I've finally managed to cycle 100.49 miles in one day, 8:35:45 to be precise. I admit it was harder than I had expected and so the last 10 or so miles I really struggled, but I wasn't going to give in that easy! The route was mostly on trails and so I was going along on my hardtail, slightly heavier than the road bike but it just adds to the challenge!

We got lost once, but the annoying thing is, two of us, me included, had gone off ahead and had been climbing for about 10 minutes, it wasnt steep till the end so wasnt too bad but the last kick up was painful. So as we were sat at the top catching our breath waiting for the other two,, we got a phone call after 5 minutes. "You've gone the wrong way, come back down!" Gutted at our waste of effort we zoomed back down in minutes, and after consulting about 5 maps and some passer bys, it turned out we had gone the right way and had to go all the way back up again.

Towards the end, we were only half a mile from the finish point (one guys house) and we had only done 97 mile or so.
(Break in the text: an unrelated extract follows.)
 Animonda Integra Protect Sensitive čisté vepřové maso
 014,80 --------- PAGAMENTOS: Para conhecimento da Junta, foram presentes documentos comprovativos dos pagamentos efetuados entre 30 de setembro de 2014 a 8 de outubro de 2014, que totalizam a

So in a desperate attempt to make it 100 we went the longest way possible to get there, including a relatively easy climb if you havent done 99 miles!

But, i'm pleased overall, need to set another one day challenge for this year as my next cycling challenge is next year which is ages away! Hmm, maybe the big 200? haha


----------



## Trickedem (9 Sep 2012)

Well done, always great to hear someone ticking off their first century.


----------



## smokeysmoo (9 Sep 2012)

Ticked my first imperial century off a few weeks ago. 

It's great when your odometer ticks over to 100 isn't it?

Chapeau to you


----------



## Pat "5mph" (9 Sep 2012)

Well done! 
By rights, the ones that did not do the hill the first time should have done it twice like you


----------



## Thompson (9 Sep 2012)

Haha we tried to make them but they down right refused. To be fair, one went home ill. I'll get revenge next time!


----------



## BrumJim (10 Sep 2012)

200km is the next milestone, but isn't that much harder than the first imperial century.

Well done. 100 miles is always a good ride, but on a mountain bike on trails, got to be worth a .


----------



## CopperCyclist (10 Sep 2012)

100 miles on a Hardtail on trails? Kudos!


----------